• **ASSIGNED TASK**:
With pictures excluded, give again exactly the lines running from the one holding "SWOT Analysis of BARbershop essay" through the end of the listing below.

• **DATA SHOWN**:

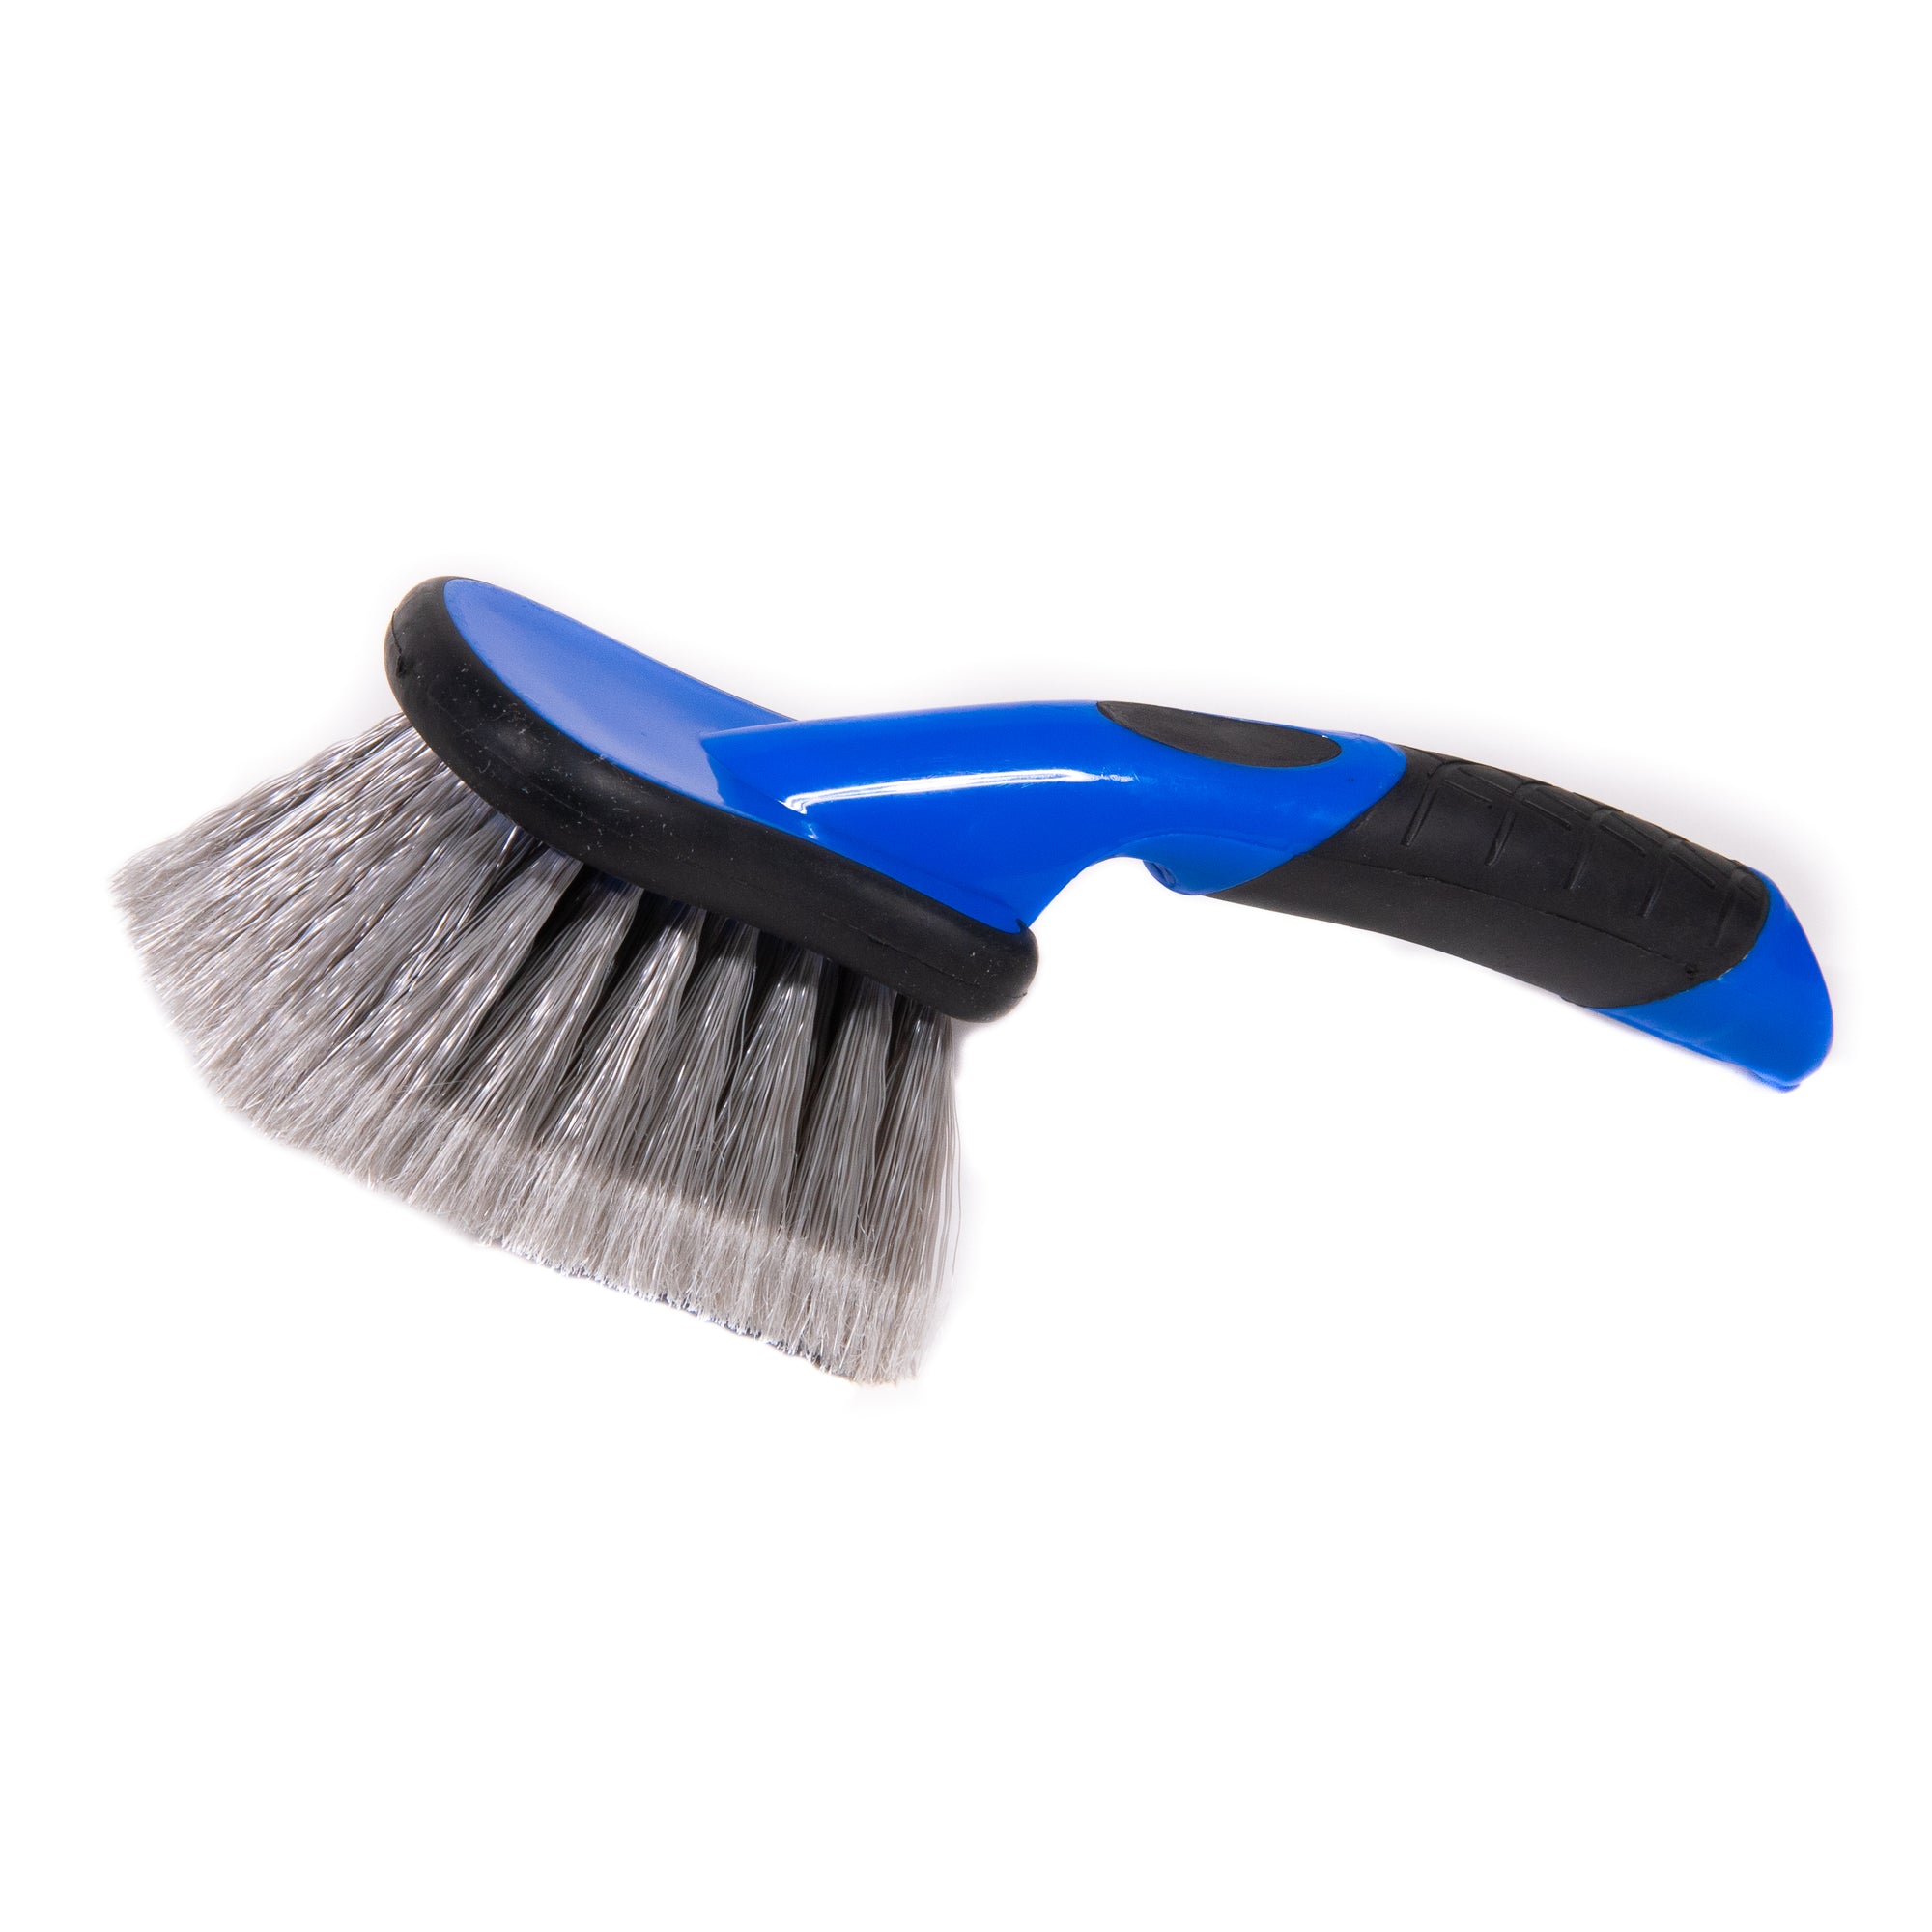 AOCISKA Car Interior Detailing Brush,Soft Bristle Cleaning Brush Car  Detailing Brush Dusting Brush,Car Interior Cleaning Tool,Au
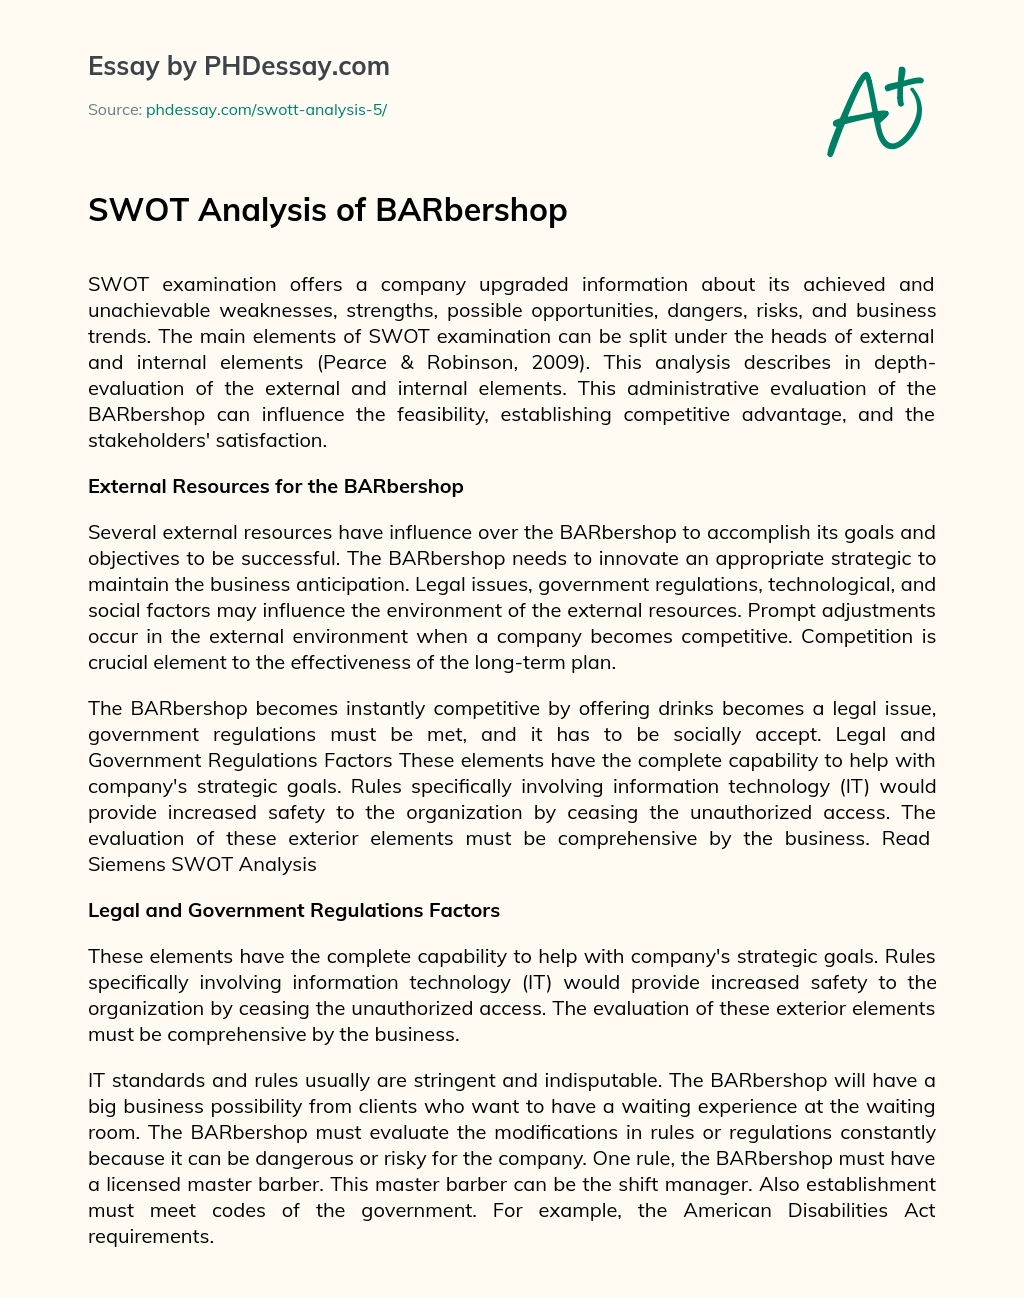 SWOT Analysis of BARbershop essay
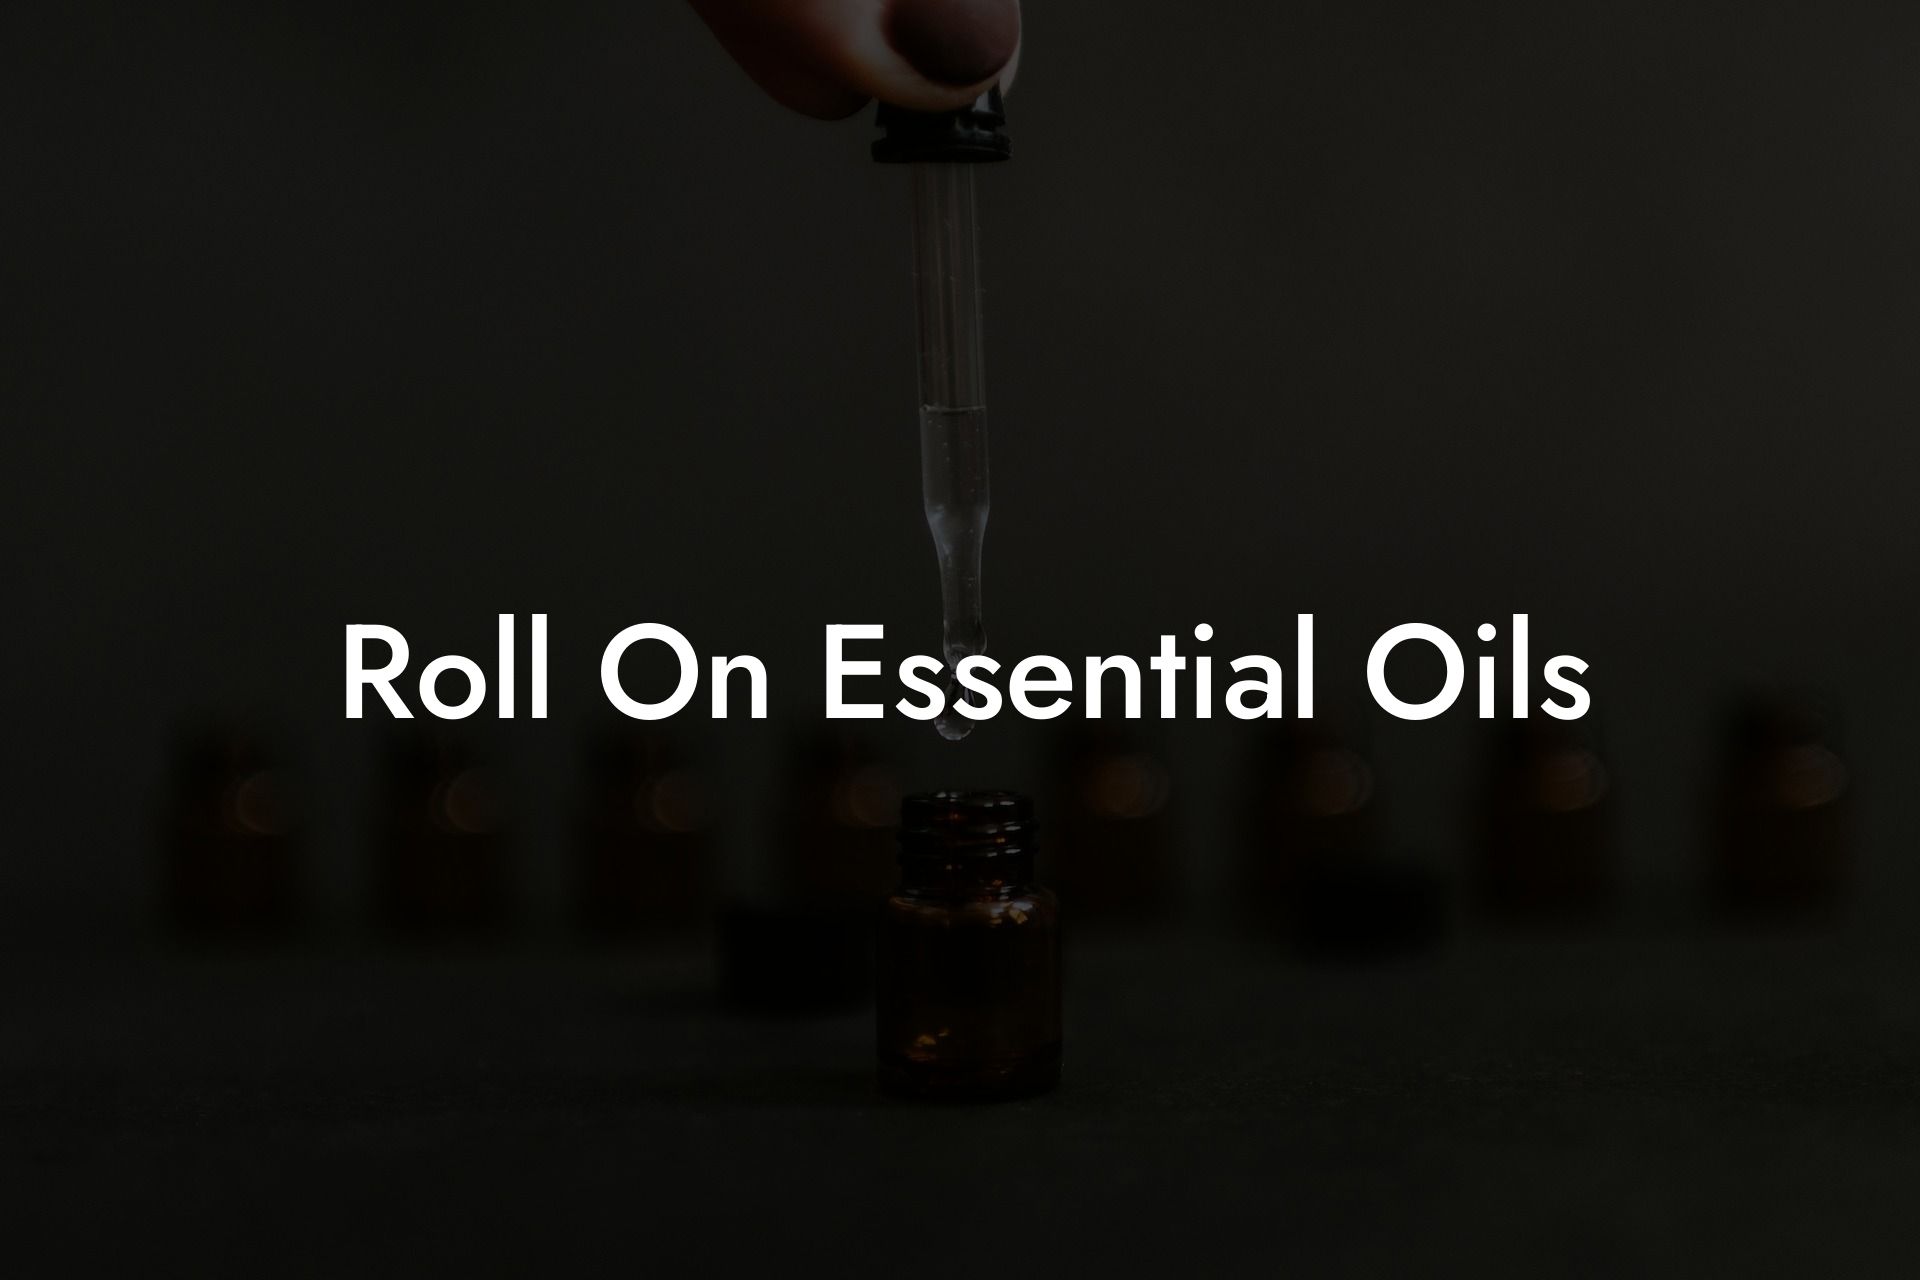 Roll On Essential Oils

• **PROBLEM SOLUTION**:
 SWOT Analysis of BARbershop essay
 Roll On Essential Oils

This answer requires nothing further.